In those bleak years meetings were forbidden. But in Petrograd, at the Kalashaikovsky Exchange, those women workers who belonged to the Party organized a public forum on "The Woman Question." Entrance was five kopecks. This was an illegal meeting but the hall was absolutely packed. Members of the Party spoke. But this animated "closed" meeting had hardly finished when the police, alarmed at such proceedings, intervened and arrested many of the speakers.

It was of great significance for the workers of the world that the women of Russia, who lived under Tsarist repression, should join in and somehow manage to acknowledge with actions International Women's Day. This was a welcome sign that Russia was waking up and the Tsarist prisons and gallows were powerless to kill the workers' spirit of struggle and protest.

In 1914, "Women Workers Day" in Russia was better organized. Both the workers' newspapers concerned themselves with the celebration. Our comrades put a lot of effort into the preparation of "Women Workers Day." Because of police intervention, they didn't manage to organize a demonstration. Those involved in the planning of "Women Workers Day" found themselves in the Tsarist prisons, and many were later sent to the cold north. For the slogan "for the working women's vote" had naturally become in Russia an open call for the overthrow of Tsarist autocracy.


The first world war broke out. The working class in every country was covered with the blood of war (6).In 1915 and 1916 "Working Women's Day" abroad was a feeble affair -- left wing socialist women who shared the views of the Russian Bolshevik Party tried to turn March 8th into a demonstration of working women against the war. But those socialist party traitors in Germany and other countries would not allow the socialist women to organize gatherings; and the socialist women were refused passports to go to neutral countries where the working women wanted to hold International meetings and show that in spite of the desire of the bourgeoisie, the spirit of International solidarity lived on.

In 1915, it was only in Norway that they managed to organize an international demonstration on Women's Day; representatives from Russia and neutral countries attended. There could be no thought of organizing a Women's Day in Russia, for here the power of Tsarism and the military machine was unbridled.

Then came the great, great year of 1917. Hunger, cold and trials of war broke the patience of the women workers and the peasant women of Russia. In 1917, on the 8th of March (23rd of February), on Working Women's Day, they came out boldly in the streets of Petrograd. The women -- some were workers, some were wives of soldiers -- demanded "Bread for our children" and "The return of our husbands from the trenches." At this decisive time the protests of the working women posed such a threat that even the Tsarist security forces did not dare take the usual measures against the rebels but looked on in confusion at the stormy sea of the people's anger.

The 1917 Working Women's Day has become memorable in history. On this day the Russian women raised the torch of proletarian revolution and set the world on fire. The February revolution marks its beginning from this day.

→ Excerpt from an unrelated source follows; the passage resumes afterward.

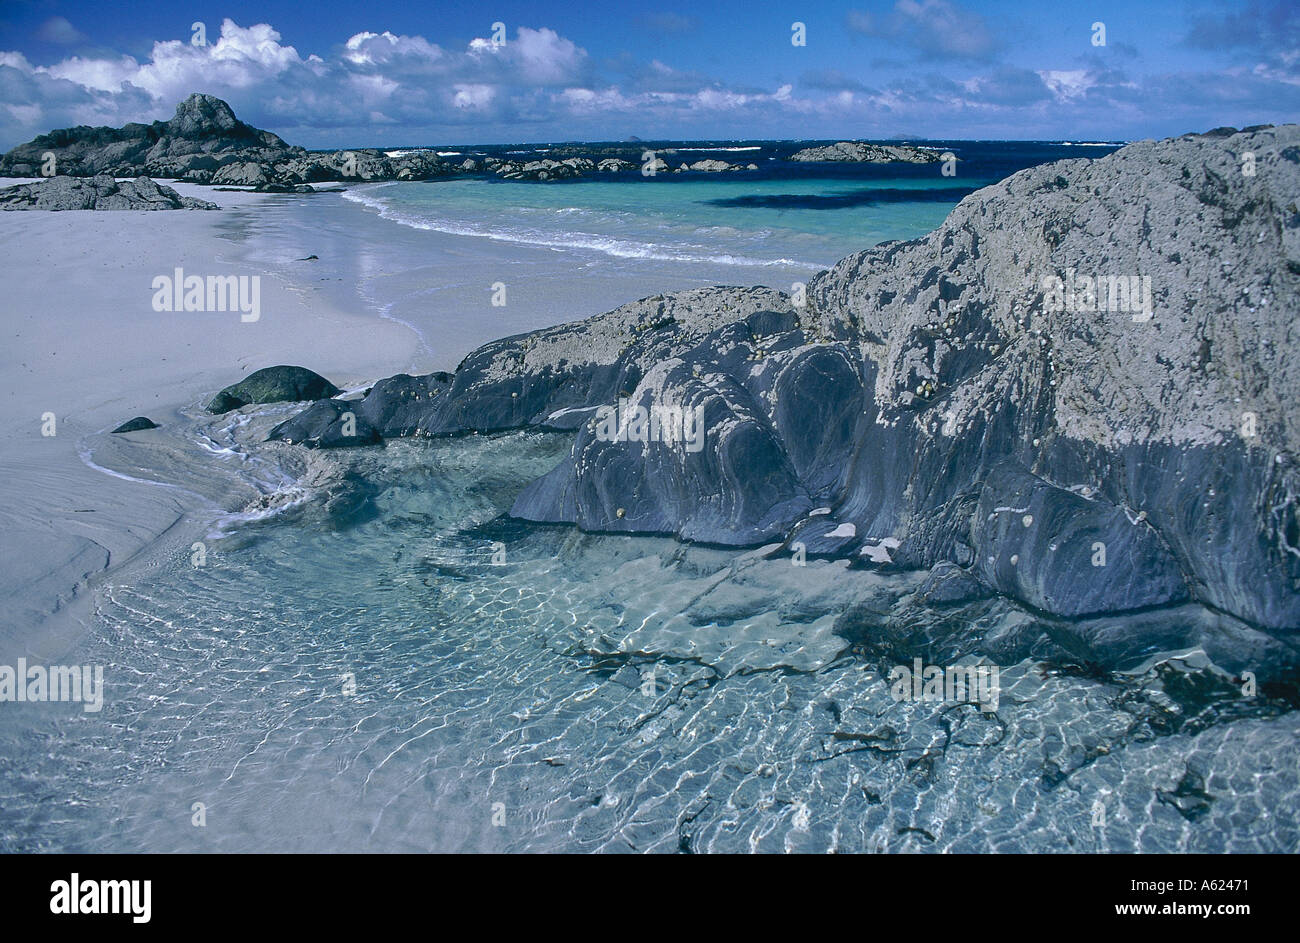 Escocia isla de Iona con rocas de playa de arena blanca y aguas cristalinas. Foto de stock

"Working Women's Day" was first organized ten years ago in the campaign for the political equality of women and the struggle for socialism. This aim has been achieved by the working class women in Russia. In the soviet republic the working women and peasants don't need to fight for the franchise and for civil rights. They have already won these rights. The Russian workers and the peasant women are equal citizens -- in their hands is a powerful weapon to make the struggle for a better life easier -- the right to vote, to take part in the Soviets and in all collective organizations (7).

But rights alone are not enough. We have to learn to make use of them. The right to vote is a weapon which we have to learn to master for our own benefit, and for the good of the workers' republic. In the two years of Soviet Power, life itself has not been absolutely changed. We are only in the process of struggling for communism and we are surrounded by the world we have inherited from the dark and repressive past. The shackles of the family, of housework, of prostitution still weigh heavily on the working woman. Working women and peasant women can only rid themselves of this situation and achieve equality in life itself, and not just in law, if they put all their energies into making Russia a truly communist society.

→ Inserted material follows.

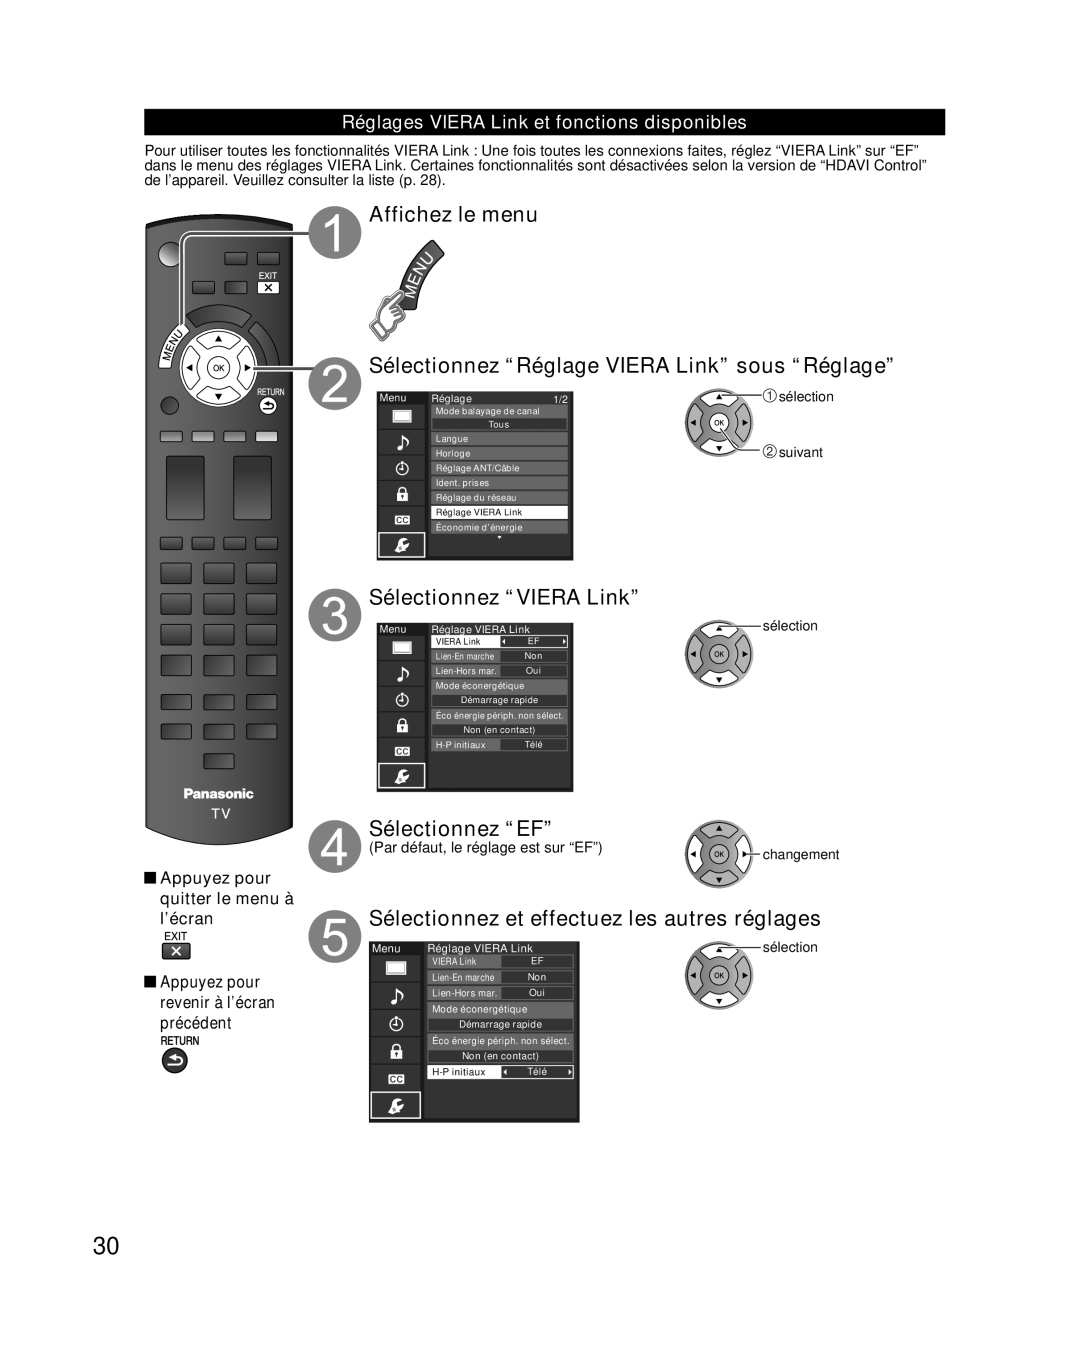 Panasonic TC-L32E3 Affichez le menu Sélectionnez “Réglage VIERA Link” sous “Réglage”, Sélectionnez “VIERA Link”, suivant

And to quicken this coming, we have first to put right Russia's shattered economy. We must consider the solving of our two most immediate tasks -- the creation of a well organized and politically conscious labor force and the re-establishment of transport. If our army of labor works well we shall soon have steam engines once more; the railways will begin to function. This means that the working men and women will get the bread and firewood they desperately need.

Getting transport back to normal will speed up the victory of communism. And with the victory of communism will come the complete and fundamental equality of women. This is why the message of "Working Women's Day" must this year be: "Working women, peasant women, mothers, wives and sisters, all efforts to helping the workers and comrades in overcoming the chaos of the railways and re-establishing transport. Everyone in the struggle for bread and firewood and raw materials."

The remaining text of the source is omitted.